> Problem description
Without copying any picture, transcribe exactly the lines of the data below from the one containing "maddelerine uygun hareket" through the one containing "an der Ruhr".

> Material shown
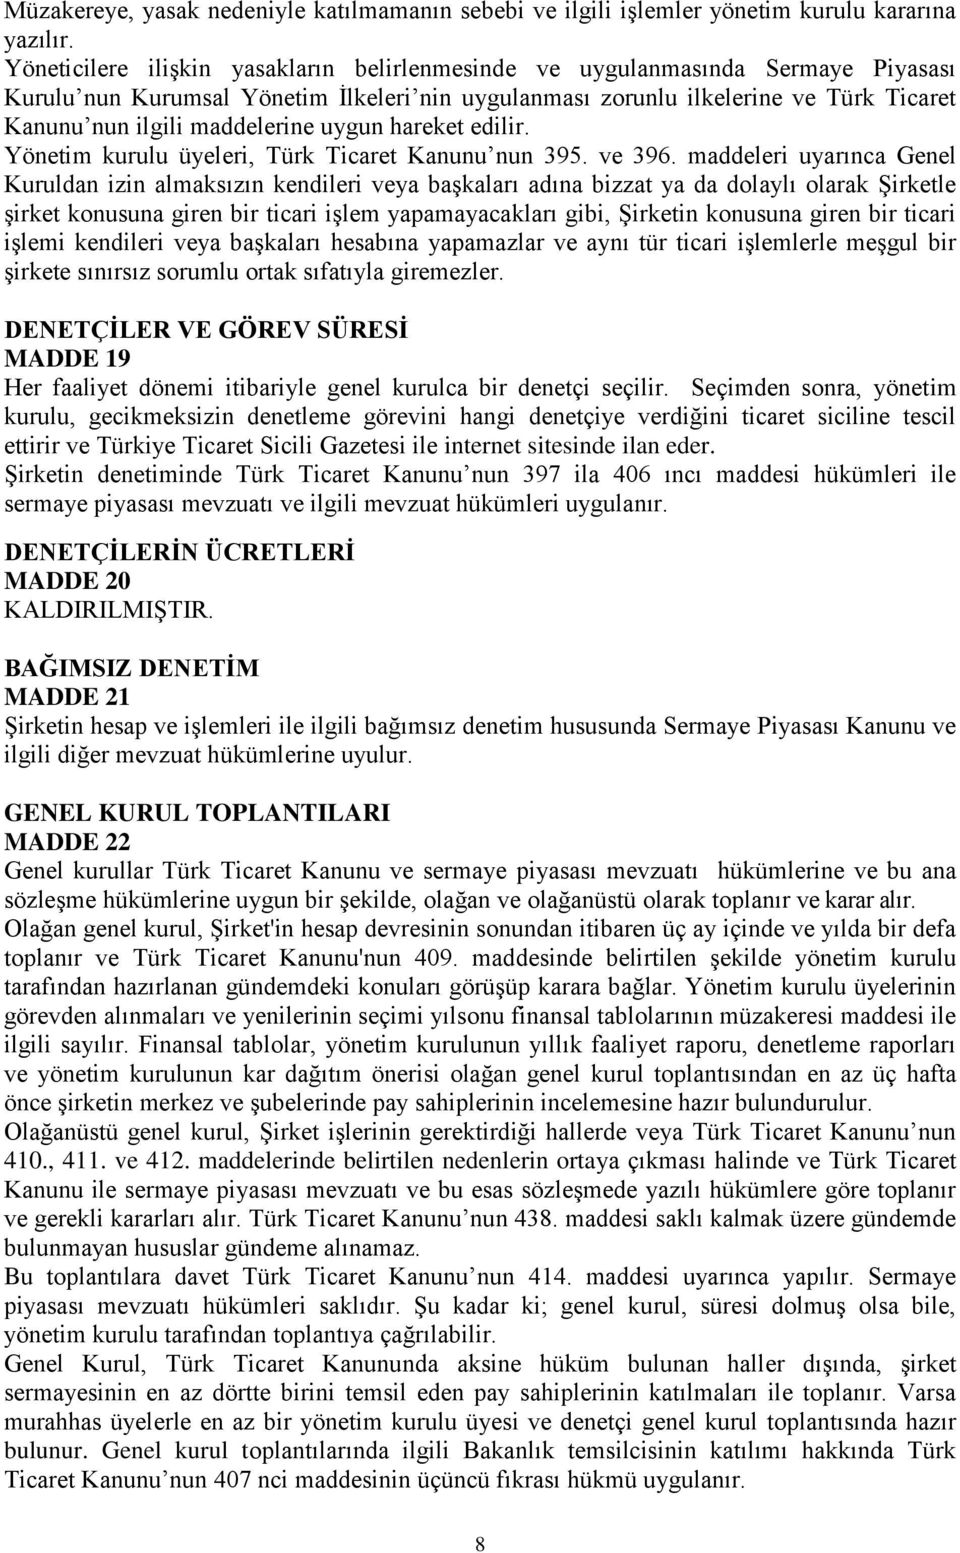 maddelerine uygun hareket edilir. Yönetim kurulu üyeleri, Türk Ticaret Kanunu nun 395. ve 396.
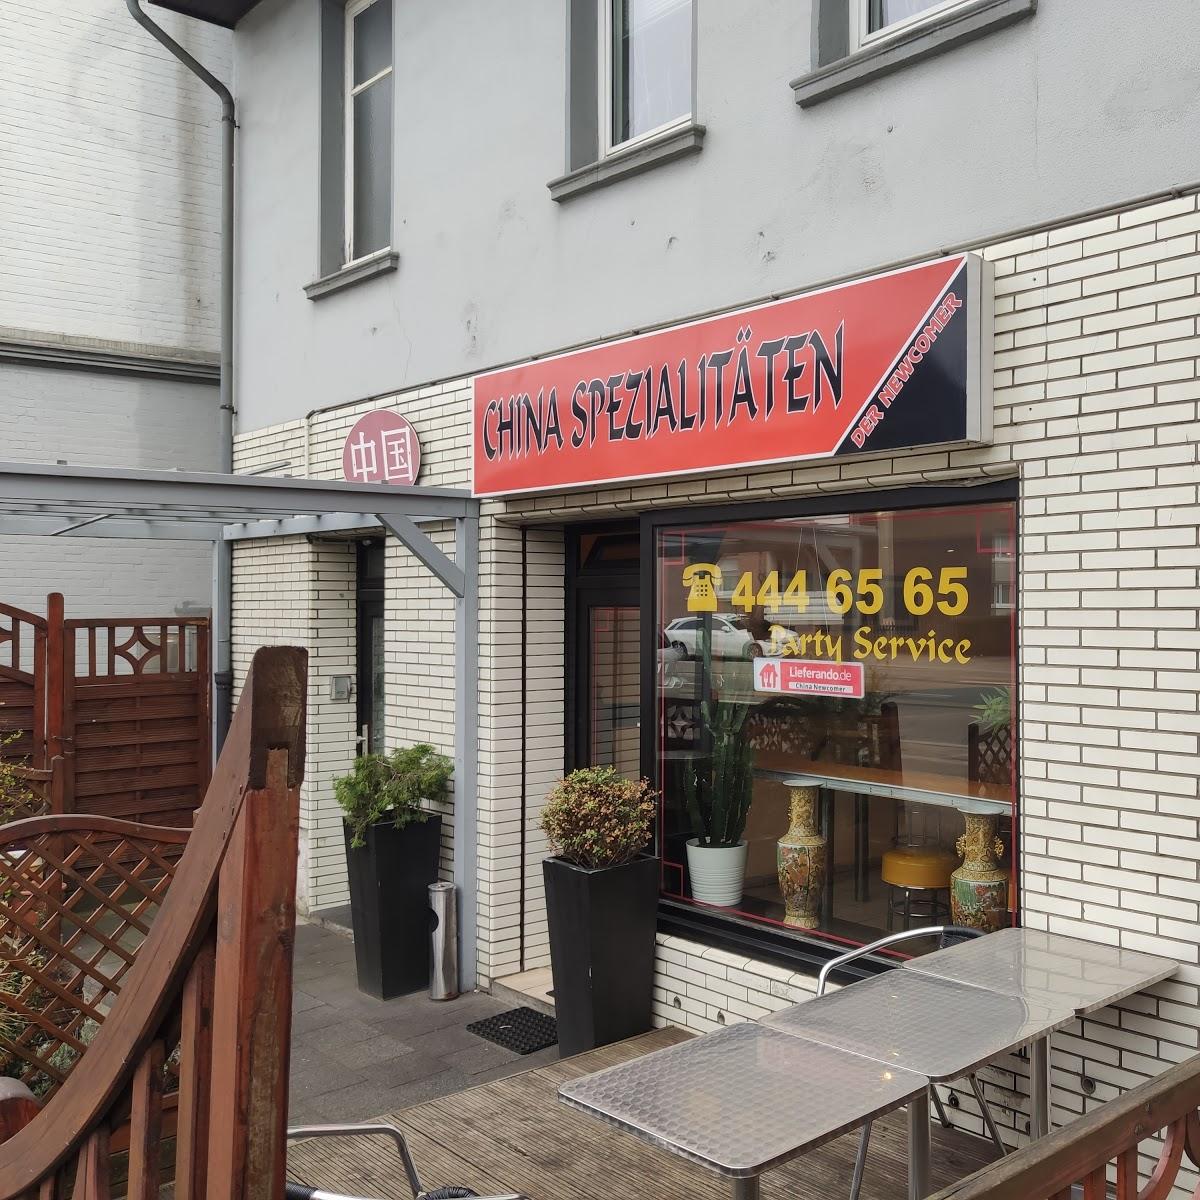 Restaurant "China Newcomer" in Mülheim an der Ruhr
---
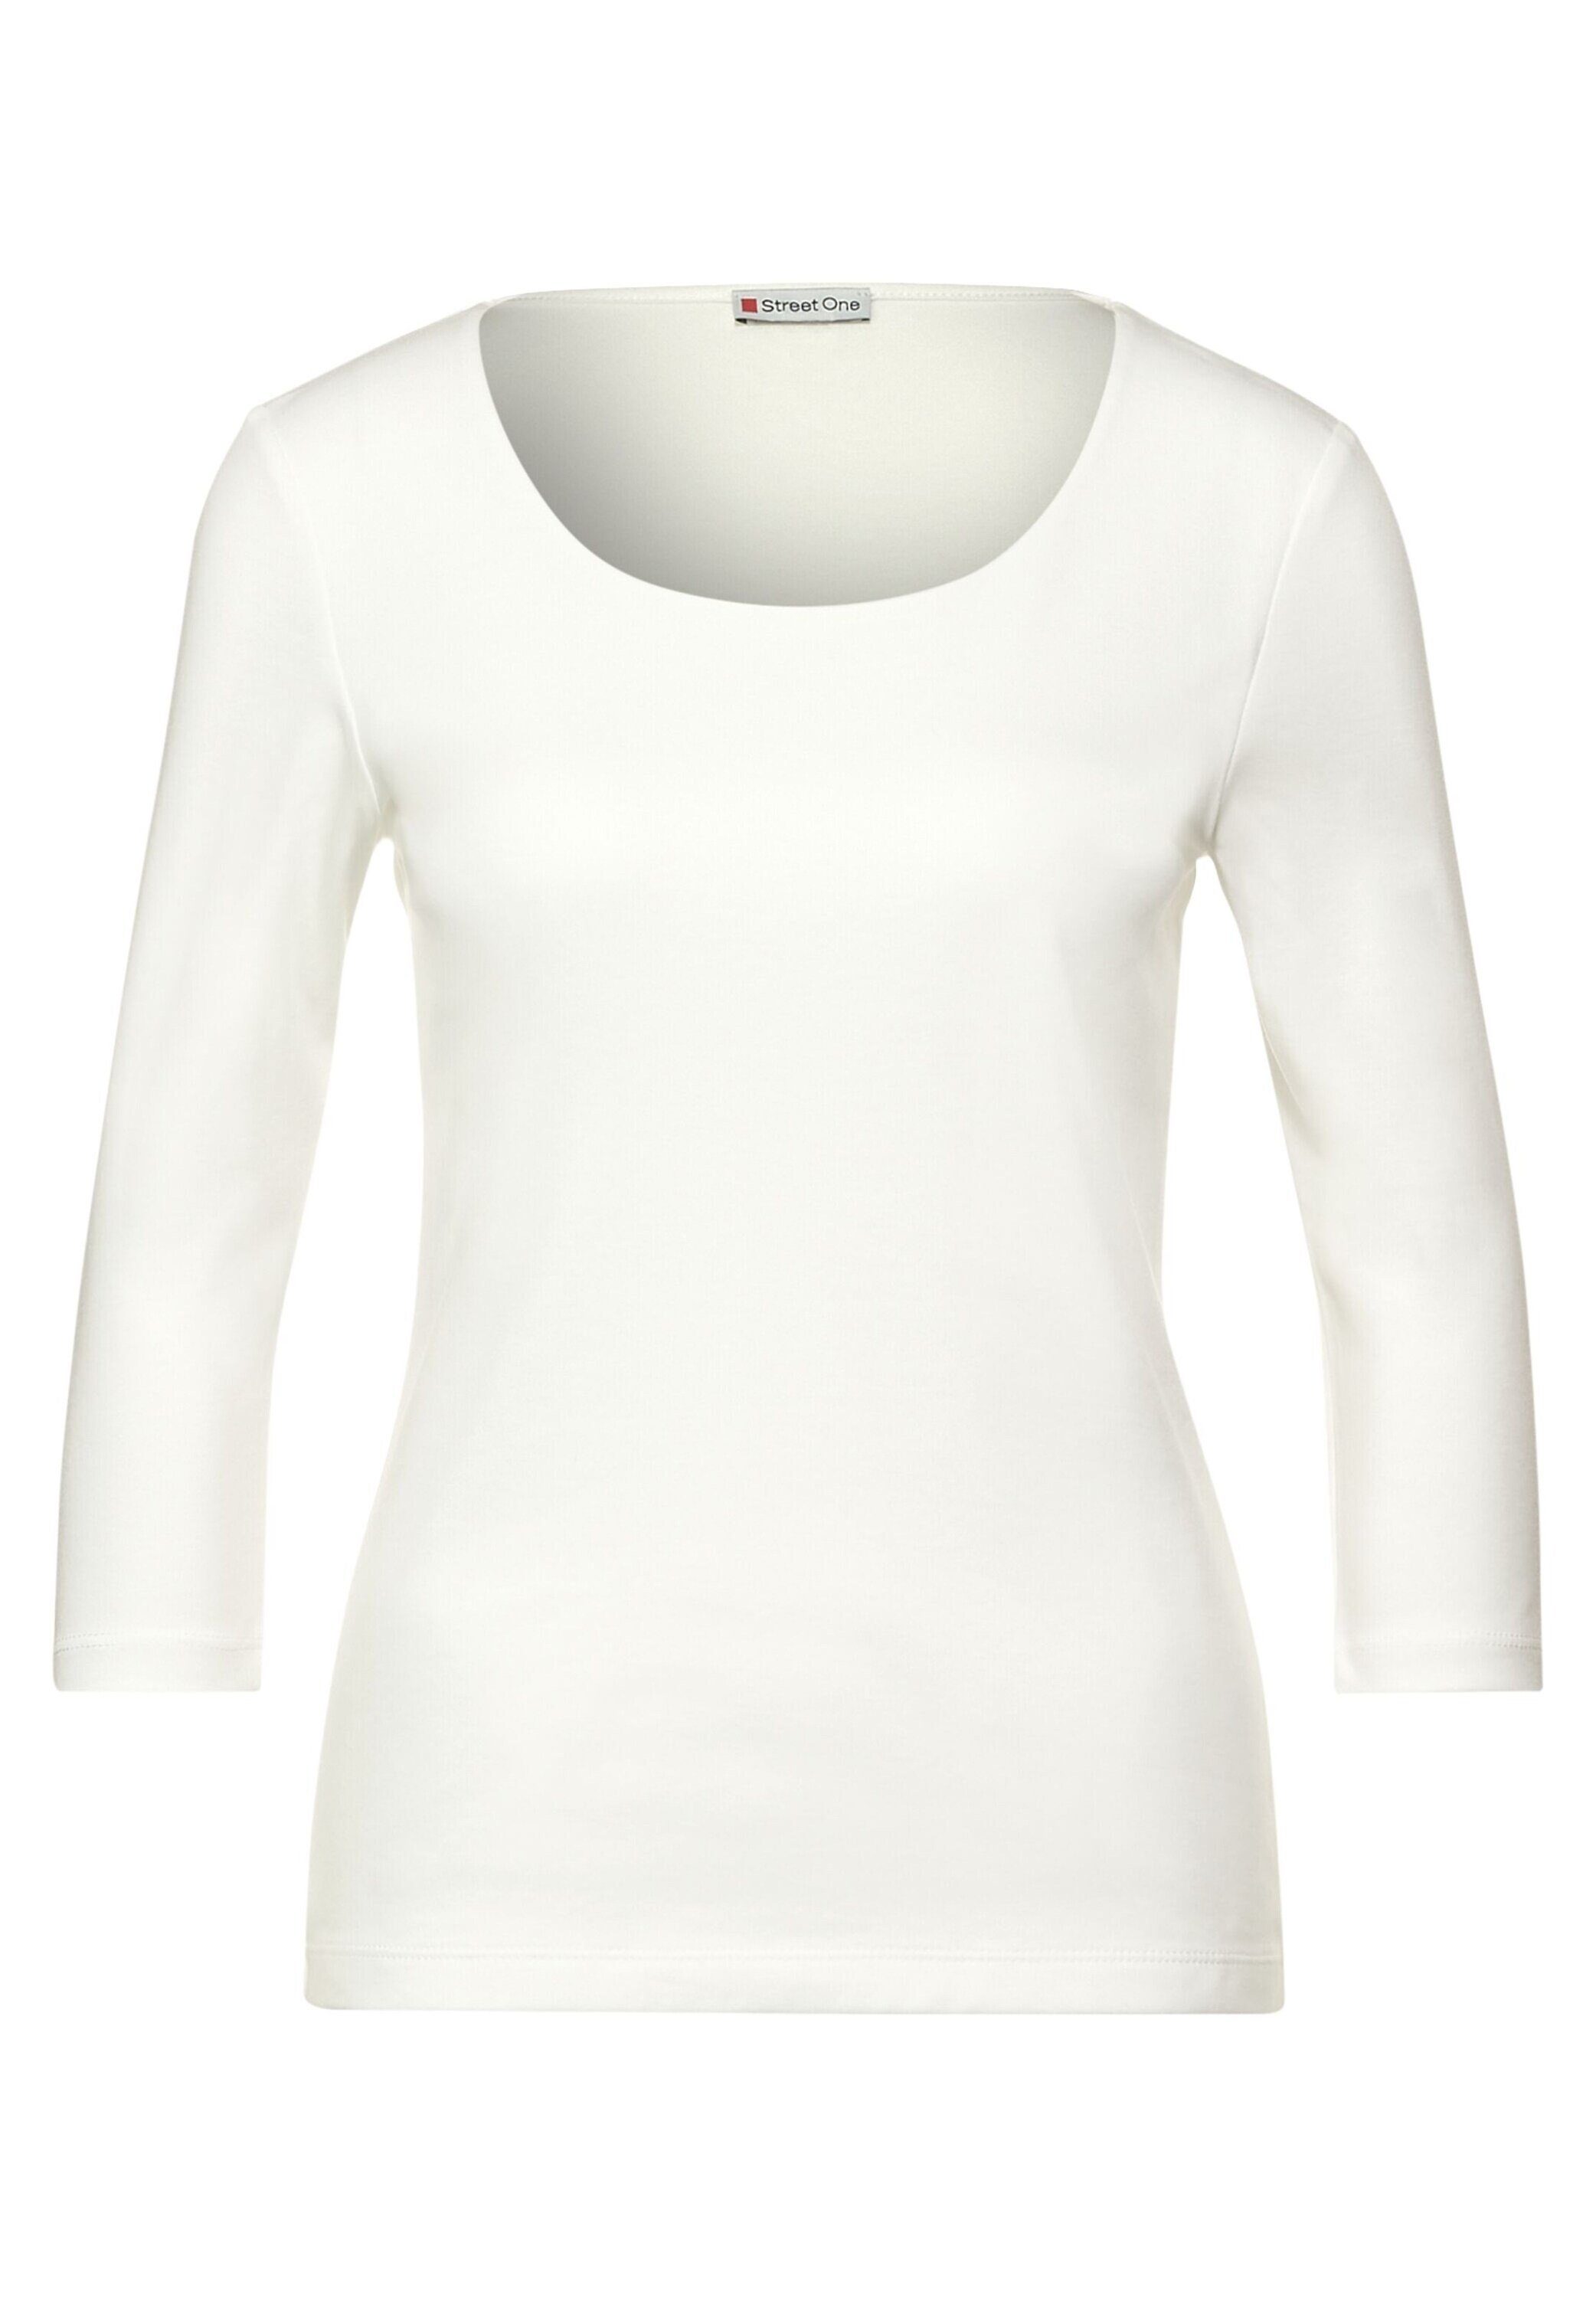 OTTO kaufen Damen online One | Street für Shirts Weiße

> Response to the task
 maddelerine uygun hareket edilir. Yönetim kurulu üyeleri, Türk Ticaret Kanunu nun 395. ve 396.
 Restaurant "China Newcomer" in Mülheim an der Ruhr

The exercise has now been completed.